Problem requirements – Return a copy of every line in the data below that contains "Купить".
____
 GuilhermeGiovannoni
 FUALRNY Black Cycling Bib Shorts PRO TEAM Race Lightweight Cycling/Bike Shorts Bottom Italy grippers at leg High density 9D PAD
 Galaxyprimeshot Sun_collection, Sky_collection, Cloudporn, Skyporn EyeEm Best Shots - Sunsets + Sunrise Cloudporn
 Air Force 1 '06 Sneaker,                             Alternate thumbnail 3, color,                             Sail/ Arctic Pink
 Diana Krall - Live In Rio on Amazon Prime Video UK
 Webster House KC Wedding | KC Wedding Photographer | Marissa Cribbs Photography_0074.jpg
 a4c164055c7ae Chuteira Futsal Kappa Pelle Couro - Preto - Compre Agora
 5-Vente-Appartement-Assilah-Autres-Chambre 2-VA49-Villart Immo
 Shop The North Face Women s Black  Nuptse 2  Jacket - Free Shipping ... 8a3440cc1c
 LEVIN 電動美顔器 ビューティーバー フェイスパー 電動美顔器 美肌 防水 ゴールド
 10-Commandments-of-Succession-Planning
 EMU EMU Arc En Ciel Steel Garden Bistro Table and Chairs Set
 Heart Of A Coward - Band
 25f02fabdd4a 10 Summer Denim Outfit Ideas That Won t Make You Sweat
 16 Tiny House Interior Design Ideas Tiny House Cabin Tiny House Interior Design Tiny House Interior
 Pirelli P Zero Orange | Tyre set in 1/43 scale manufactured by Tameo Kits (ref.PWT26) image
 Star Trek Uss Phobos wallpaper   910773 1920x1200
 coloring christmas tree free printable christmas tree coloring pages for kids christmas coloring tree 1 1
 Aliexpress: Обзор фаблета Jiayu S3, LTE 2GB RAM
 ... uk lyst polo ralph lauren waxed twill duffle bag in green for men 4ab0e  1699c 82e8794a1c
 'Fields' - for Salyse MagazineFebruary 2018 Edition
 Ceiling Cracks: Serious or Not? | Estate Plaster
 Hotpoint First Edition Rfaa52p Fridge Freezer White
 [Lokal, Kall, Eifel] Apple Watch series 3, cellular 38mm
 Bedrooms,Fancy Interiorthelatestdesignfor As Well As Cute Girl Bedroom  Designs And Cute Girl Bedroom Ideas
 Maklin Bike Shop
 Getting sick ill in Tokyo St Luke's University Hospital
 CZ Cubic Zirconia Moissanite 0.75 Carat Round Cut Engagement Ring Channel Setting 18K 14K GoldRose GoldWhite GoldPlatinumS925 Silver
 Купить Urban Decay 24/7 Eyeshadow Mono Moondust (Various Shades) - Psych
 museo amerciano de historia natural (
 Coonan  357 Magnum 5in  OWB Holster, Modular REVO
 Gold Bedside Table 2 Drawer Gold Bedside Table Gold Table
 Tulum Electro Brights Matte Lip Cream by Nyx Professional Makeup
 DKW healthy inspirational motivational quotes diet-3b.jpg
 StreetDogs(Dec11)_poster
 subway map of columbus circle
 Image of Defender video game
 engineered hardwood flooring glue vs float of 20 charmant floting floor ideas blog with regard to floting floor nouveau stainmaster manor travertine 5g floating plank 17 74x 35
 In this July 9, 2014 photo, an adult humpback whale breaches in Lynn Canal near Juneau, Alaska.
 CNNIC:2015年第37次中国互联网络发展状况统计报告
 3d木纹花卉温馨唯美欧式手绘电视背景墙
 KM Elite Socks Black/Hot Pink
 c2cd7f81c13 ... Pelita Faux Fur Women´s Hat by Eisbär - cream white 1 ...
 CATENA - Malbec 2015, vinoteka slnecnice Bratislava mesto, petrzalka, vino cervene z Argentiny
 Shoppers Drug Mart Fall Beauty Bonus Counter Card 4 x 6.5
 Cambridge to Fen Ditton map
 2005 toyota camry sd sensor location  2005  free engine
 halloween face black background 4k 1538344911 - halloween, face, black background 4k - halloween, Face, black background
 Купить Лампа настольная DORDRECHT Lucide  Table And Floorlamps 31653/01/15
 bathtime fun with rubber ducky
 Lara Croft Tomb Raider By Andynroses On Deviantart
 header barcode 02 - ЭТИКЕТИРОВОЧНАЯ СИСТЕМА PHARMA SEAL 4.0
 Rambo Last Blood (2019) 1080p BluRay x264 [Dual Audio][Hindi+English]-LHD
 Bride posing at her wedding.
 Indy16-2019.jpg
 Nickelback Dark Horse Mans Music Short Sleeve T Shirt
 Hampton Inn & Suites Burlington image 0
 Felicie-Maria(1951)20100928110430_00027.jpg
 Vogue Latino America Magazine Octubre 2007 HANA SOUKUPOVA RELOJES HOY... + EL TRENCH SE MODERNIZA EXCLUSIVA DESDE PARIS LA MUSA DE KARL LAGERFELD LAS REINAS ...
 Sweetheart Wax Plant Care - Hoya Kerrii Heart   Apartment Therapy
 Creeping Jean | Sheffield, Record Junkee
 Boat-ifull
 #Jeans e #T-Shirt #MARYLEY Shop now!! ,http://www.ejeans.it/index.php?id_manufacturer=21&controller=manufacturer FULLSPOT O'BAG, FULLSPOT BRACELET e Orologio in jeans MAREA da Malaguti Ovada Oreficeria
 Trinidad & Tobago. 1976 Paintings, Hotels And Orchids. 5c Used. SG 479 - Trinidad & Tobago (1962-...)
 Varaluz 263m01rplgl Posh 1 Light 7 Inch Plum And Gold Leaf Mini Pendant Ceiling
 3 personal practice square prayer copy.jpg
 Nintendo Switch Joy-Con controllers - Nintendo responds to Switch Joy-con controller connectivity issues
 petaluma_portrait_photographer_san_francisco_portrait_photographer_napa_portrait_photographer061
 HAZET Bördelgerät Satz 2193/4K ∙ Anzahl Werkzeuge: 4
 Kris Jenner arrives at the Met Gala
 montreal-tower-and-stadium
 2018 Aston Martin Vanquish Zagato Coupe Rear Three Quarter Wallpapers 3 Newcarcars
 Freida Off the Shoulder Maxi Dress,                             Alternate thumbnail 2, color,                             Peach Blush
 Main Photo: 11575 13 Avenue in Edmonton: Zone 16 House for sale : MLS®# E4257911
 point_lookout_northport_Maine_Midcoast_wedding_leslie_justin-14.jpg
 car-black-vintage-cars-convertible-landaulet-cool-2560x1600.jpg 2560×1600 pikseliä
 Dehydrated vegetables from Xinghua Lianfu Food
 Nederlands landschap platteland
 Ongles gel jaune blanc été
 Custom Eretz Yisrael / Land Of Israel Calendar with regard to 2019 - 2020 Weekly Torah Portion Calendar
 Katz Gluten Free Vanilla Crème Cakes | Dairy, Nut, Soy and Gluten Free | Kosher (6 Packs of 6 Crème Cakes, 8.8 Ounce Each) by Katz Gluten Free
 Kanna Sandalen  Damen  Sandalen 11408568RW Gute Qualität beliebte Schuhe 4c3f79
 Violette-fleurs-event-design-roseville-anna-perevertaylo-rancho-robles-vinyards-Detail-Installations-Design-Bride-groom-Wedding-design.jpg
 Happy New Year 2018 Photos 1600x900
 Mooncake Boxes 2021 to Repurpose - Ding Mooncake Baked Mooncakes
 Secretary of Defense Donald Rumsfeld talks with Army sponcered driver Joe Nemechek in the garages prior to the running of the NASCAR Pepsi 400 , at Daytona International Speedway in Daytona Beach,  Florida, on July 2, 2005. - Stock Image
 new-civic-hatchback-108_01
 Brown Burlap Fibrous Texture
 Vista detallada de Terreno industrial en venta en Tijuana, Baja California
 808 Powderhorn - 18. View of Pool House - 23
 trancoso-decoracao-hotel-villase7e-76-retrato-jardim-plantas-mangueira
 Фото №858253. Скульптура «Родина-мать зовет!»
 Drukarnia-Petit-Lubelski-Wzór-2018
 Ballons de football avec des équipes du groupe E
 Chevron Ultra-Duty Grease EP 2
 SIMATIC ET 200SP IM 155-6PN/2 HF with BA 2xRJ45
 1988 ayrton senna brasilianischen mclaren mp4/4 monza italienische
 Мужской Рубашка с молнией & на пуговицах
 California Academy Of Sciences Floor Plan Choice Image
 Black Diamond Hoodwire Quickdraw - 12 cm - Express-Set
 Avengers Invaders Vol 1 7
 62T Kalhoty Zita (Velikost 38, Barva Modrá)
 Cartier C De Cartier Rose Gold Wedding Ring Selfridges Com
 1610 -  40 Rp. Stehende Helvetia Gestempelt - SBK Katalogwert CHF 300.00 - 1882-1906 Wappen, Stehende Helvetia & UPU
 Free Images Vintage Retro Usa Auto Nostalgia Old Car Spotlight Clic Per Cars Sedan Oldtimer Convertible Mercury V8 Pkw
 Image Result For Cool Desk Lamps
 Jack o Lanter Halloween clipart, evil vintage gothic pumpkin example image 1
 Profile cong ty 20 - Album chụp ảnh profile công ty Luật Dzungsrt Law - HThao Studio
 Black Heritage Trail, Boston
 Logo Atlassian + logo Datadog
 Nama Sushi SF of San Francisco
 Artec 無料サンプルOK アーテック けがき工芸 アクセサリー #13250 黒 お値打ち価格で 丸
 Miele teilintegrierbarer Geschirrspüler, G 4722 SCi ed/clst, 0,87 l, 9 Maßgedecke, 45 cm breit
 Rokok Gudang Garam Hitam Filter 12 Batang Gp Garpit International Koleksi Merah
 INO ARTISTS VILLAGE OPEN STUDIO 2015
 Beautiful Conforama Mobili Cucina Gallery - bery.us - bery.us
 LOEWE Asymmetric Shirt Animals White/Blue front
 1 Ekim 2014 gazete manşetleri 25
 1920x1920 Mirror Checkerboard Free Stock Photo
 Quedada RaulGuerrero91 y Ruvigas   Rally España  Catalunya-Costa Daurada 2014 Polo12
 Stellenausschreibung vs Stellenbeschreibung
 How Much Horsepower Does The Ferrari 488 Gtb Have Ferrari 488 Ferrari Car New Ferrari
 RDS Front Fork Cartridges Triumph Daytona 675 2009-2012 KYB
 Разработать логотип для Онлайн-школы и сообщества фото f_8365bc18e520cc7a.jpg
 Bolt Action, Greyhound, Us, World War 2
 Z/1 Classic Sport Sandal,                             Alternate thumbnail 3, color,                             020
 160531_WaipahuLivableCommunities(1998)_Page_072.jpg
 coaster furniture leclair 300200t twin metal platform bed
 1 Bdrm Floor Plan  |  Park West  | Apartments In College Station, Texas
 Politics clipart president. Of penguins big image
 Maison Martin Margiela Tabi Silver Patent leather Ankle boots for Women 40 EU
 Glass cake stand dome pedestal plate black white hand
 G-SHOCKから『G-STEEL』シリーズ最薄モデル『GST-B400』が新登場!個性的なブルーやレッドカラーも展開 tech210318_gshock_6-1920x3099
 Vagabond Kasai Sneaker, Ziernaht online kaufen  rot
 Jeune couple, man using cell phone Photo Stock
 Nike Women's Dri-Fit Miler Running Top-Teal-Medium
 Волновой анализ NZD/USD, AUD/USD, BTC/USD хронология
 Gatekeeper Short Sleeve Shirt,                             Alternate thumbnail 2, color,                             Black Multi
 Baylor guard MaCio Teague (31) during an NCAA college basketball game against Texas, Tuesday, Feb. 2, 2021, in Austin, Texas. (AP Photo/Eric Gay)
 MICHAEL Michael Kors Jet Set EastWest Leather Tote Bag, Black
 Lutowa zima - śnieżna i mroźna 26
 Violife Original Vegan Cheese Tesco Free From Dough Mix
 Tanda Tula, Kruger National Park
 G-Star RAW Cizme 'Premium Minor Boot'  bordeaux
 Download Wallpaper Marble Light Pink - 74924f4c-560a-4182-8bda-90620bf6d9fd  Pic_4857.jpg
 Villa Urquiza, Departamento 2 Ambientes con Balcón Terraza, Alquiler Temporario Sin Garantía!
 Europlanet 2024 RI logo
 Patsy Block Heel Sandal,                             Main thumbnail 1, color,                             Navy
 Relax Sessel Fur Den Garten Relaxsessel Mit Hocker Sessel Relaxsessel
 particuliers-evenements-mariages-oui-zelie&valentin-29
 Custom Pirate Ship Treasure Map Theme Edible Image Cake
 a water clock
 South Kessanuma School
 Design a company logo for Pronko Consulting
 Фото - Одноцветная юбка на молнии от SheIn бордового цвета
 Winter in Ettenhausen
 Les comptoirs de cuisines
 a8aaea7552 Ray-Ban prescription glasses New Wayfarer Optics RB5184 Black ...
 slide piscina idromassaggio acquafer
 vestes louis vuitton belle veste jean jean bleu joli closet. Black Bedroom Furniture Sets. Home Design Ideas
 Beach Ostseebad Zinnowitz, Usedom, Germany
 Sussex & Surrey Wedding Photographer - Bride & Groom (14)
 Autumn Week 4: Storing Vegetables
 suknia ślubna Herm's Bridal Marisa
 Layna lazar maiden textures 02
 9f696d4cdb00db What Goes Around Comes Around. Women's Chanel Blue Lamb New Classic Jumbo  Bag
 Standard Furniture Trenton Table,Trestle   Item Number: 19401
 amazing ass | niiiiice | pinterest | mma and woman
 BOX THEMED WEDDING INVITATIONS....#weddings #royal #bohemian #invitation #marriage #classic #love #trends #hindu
____
Solution below –
 Купить Urban Decay 24/7 Eyeshadow Mono Moondust (Various Shades) - Psych
 Купить Лампа настольная DORDRECHT Lucide  Table And Floorlamps 31653/01/15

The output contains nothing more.